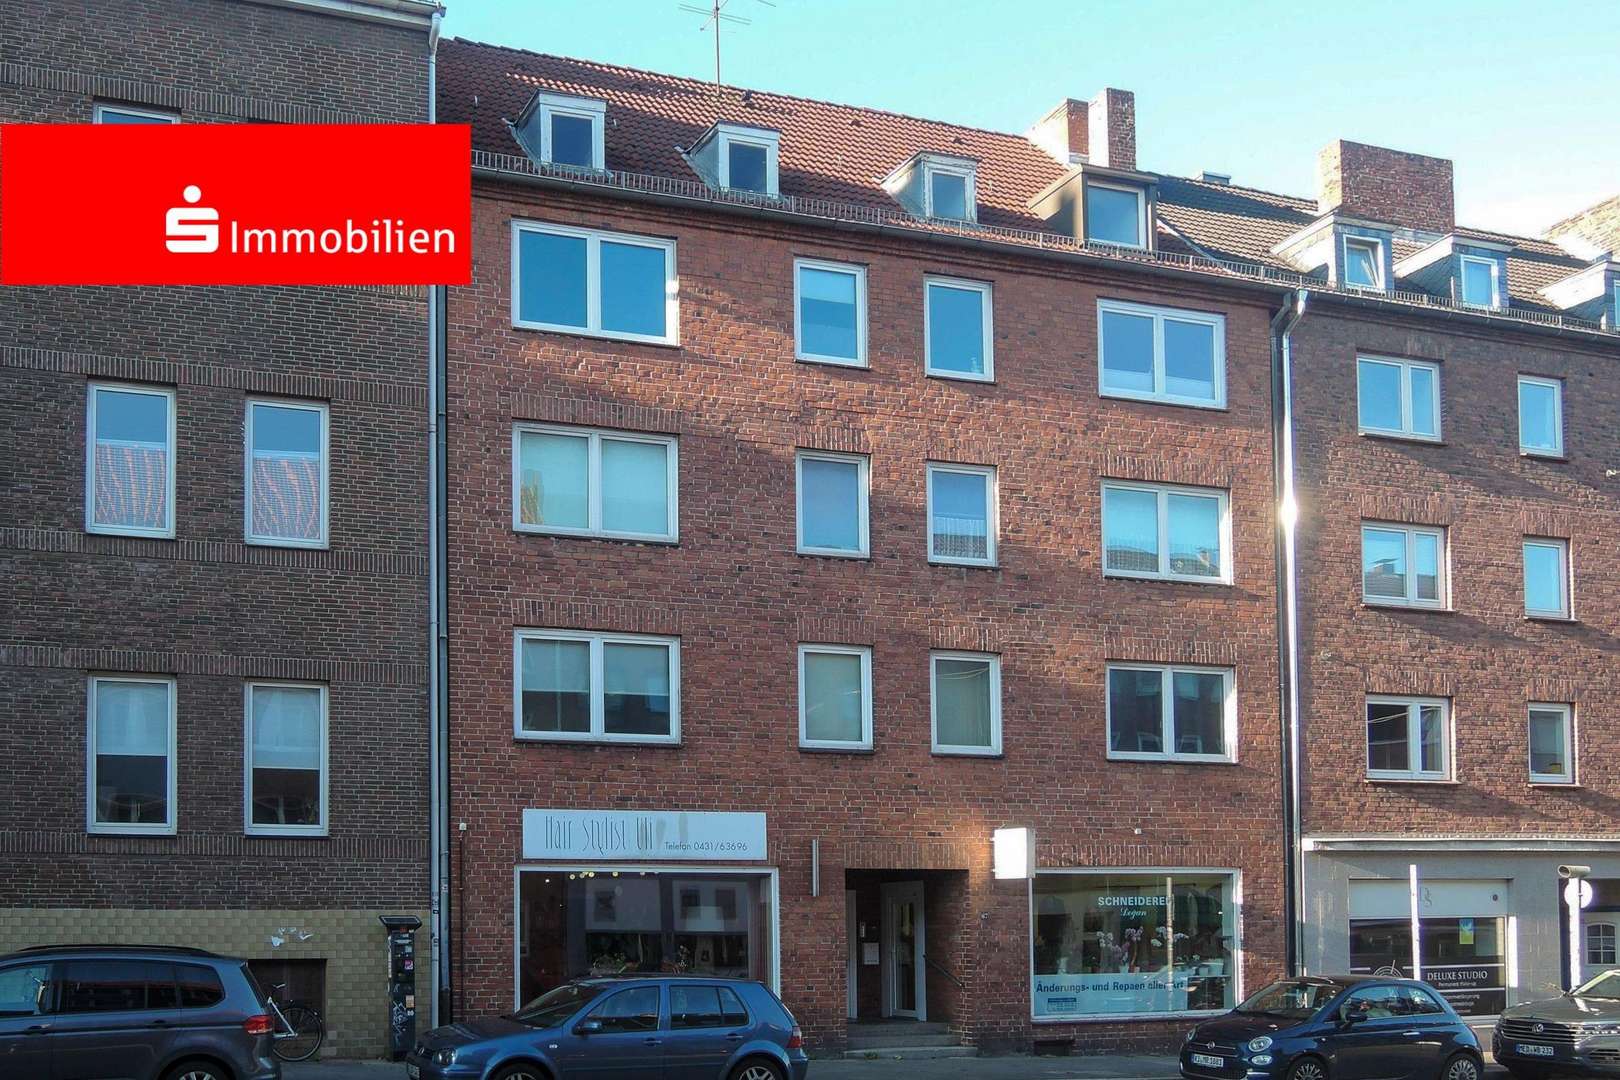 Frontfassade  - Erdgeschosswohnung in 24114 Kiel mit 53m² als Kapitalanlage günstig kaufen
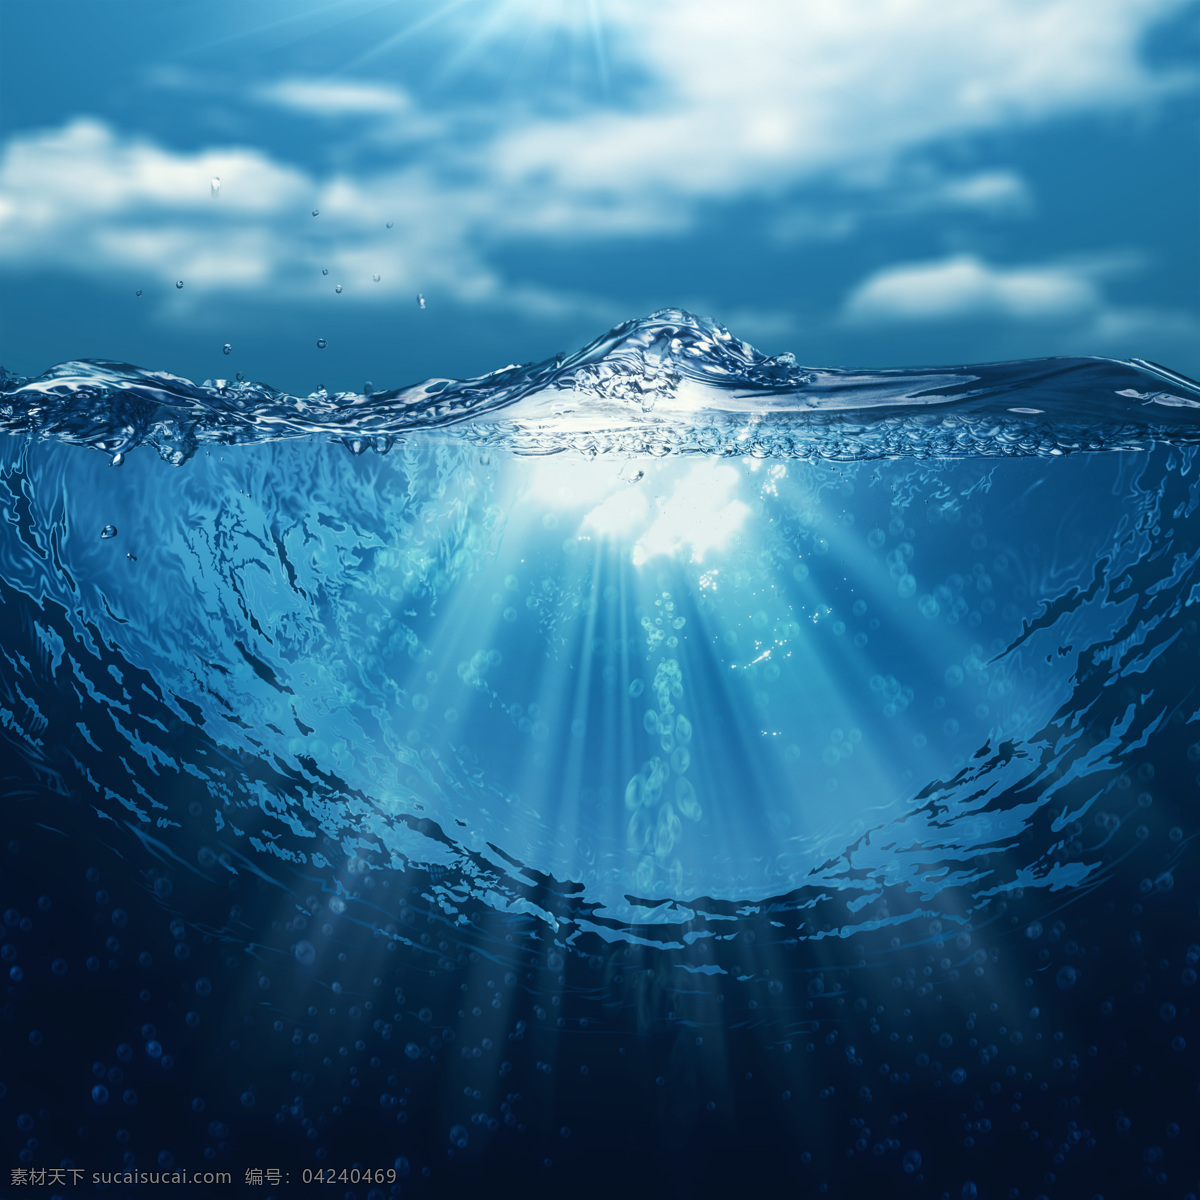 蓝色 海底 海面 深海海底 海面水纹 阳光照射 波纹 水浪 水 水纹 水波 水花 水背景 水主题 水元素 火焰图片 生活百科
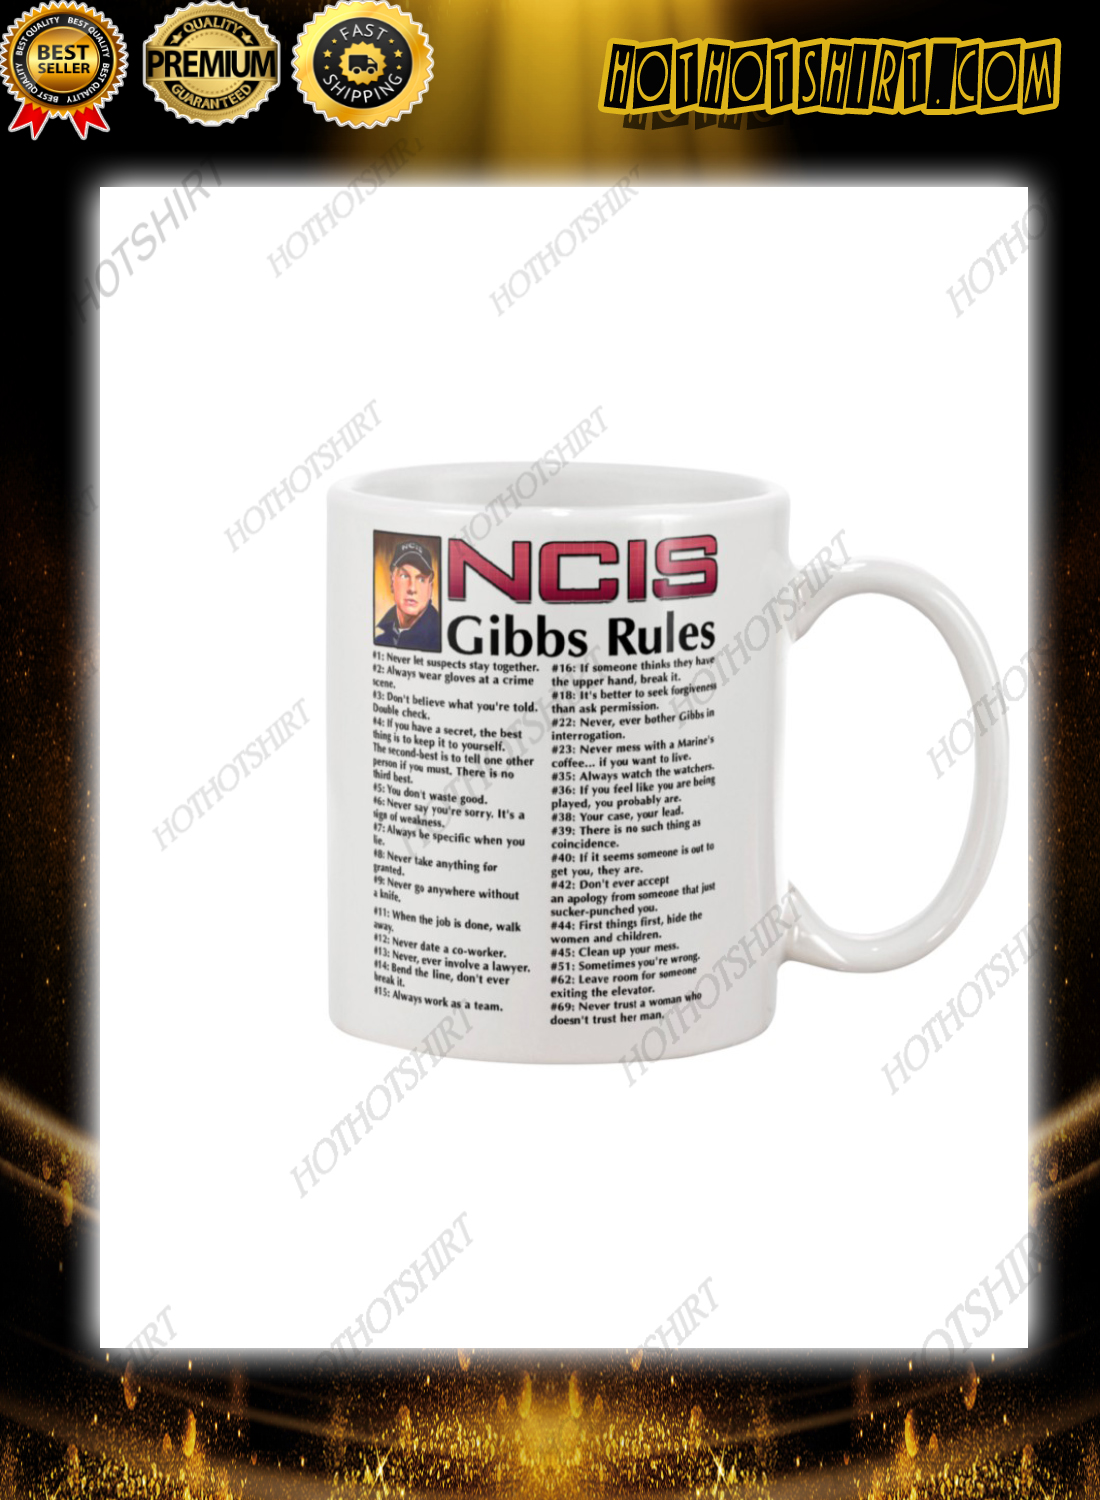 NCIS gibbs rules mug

▬▬▬▬▬▬▬▬▬▬

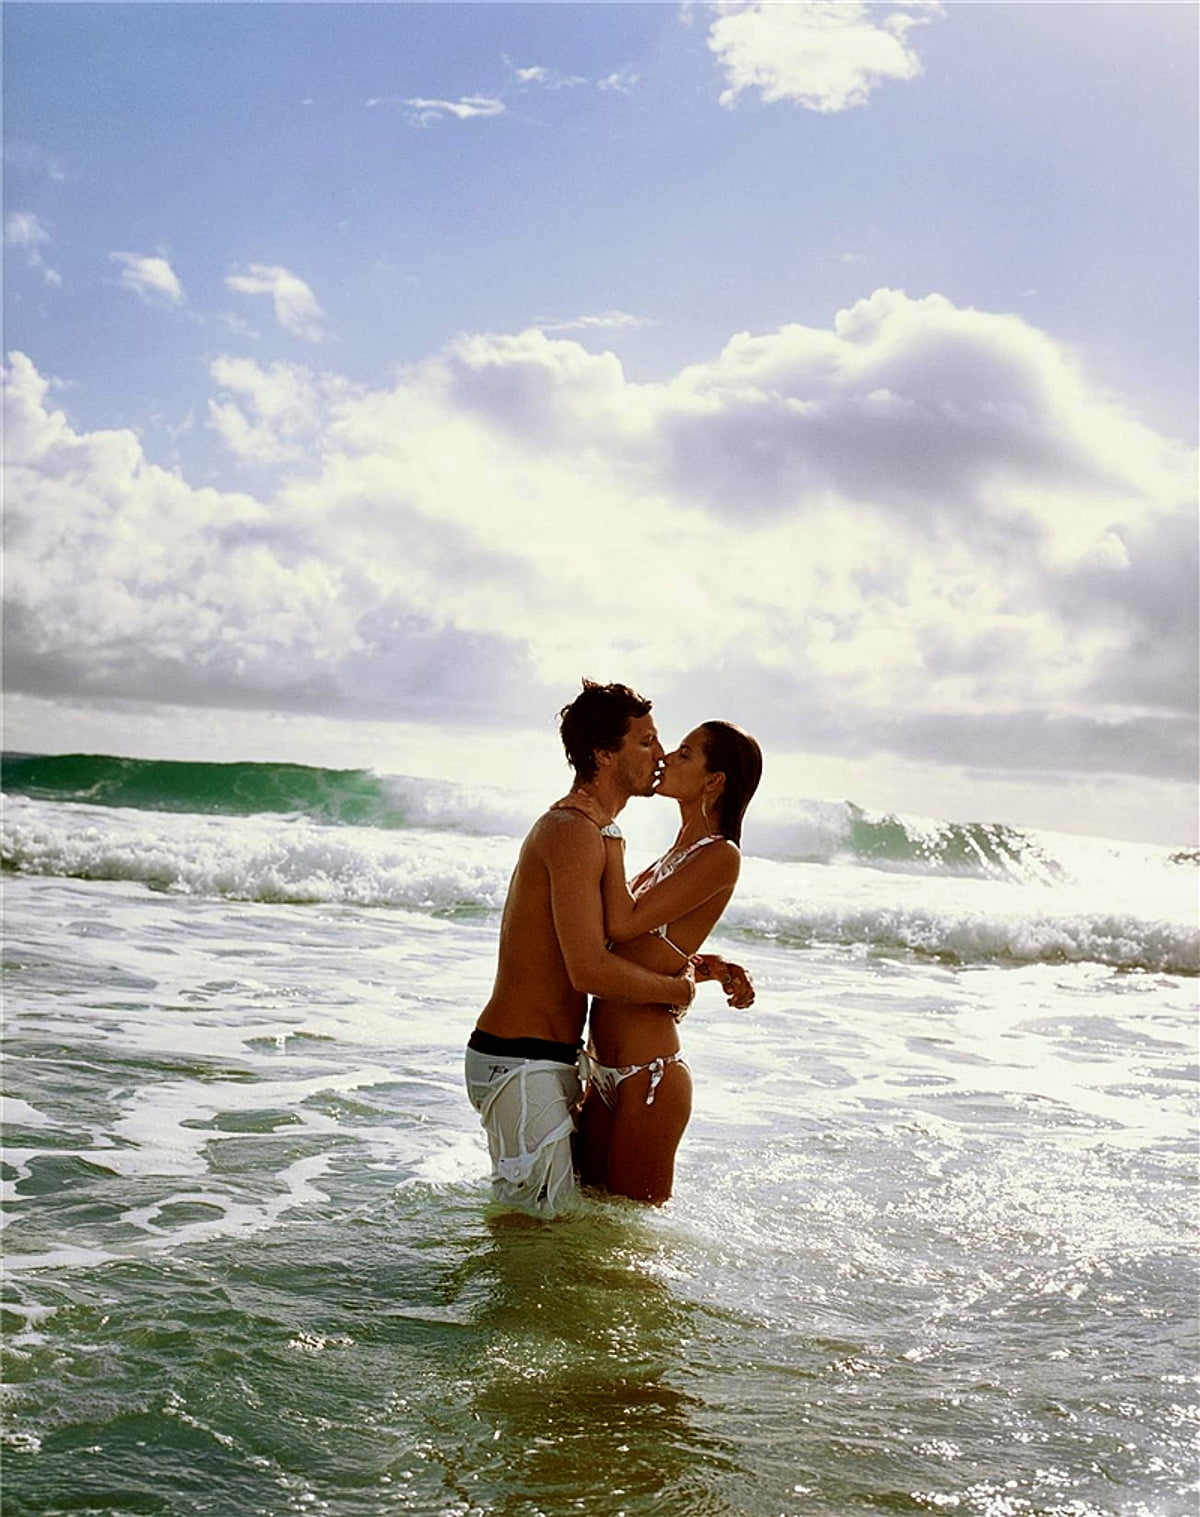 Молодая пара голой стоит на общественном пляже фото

▬▬▬▬▬▬▬▬▬▬

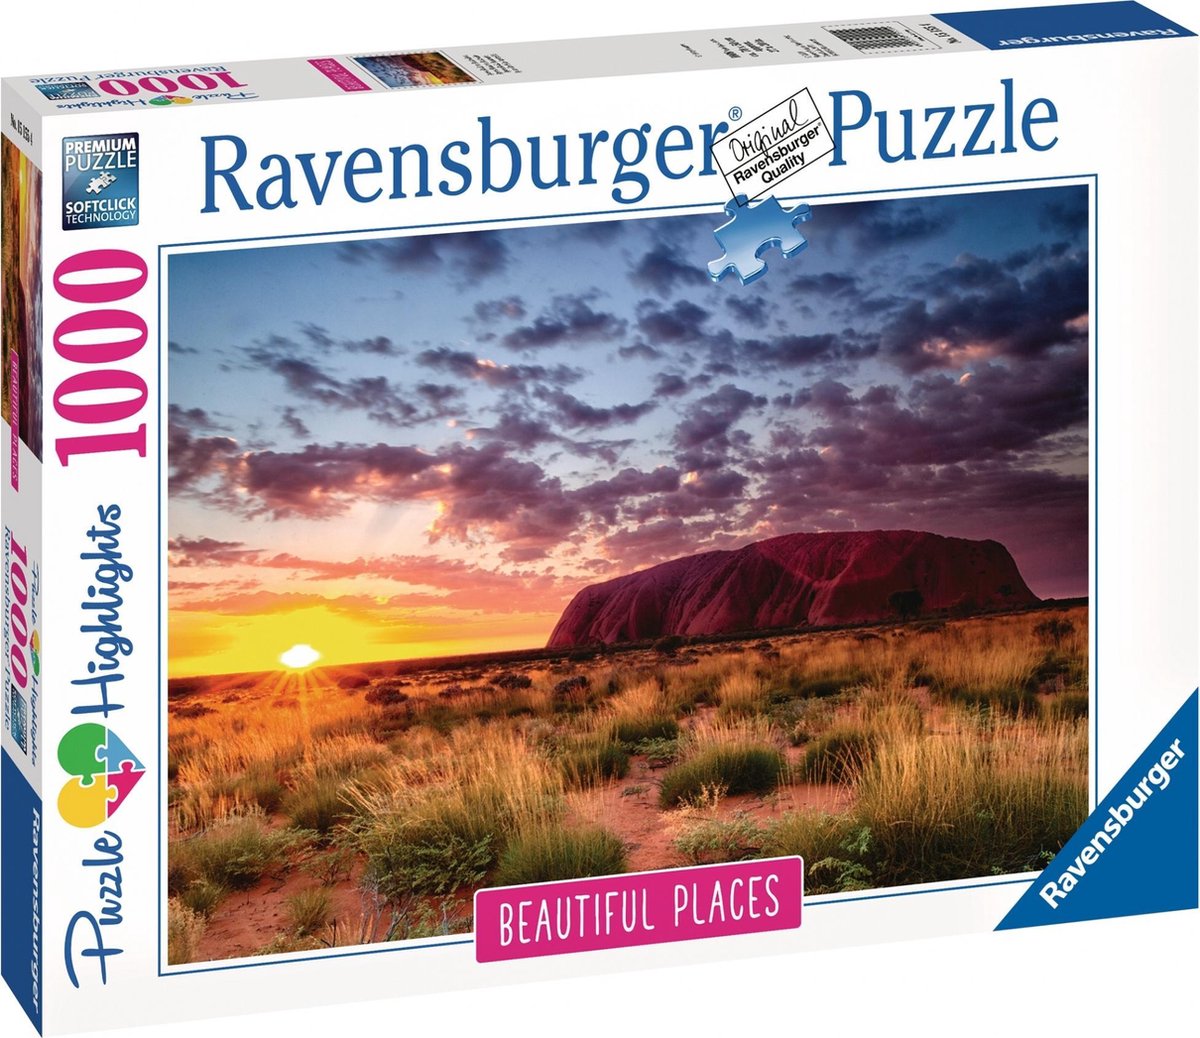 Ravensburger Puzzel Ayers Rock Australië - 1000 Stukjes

▬▬▬▬▬▬▬▬▬▬

#### [What you have to do]
When you reach the line containing "蓝色 海底 海面 深海海底" in the entries above, begin restating word for word, and stop once the line containing "NCIS gibbs rules mug" has been given. Omit the pictures.

#### [Written response]
 蓝色 海底 海面 深海海底 海面水纹 阳光照射 波纹 水浪 水 水纹 水波 水花 水背景 水主题 水元素 火焰图片 生活百科
 NCIS gibbs rules mug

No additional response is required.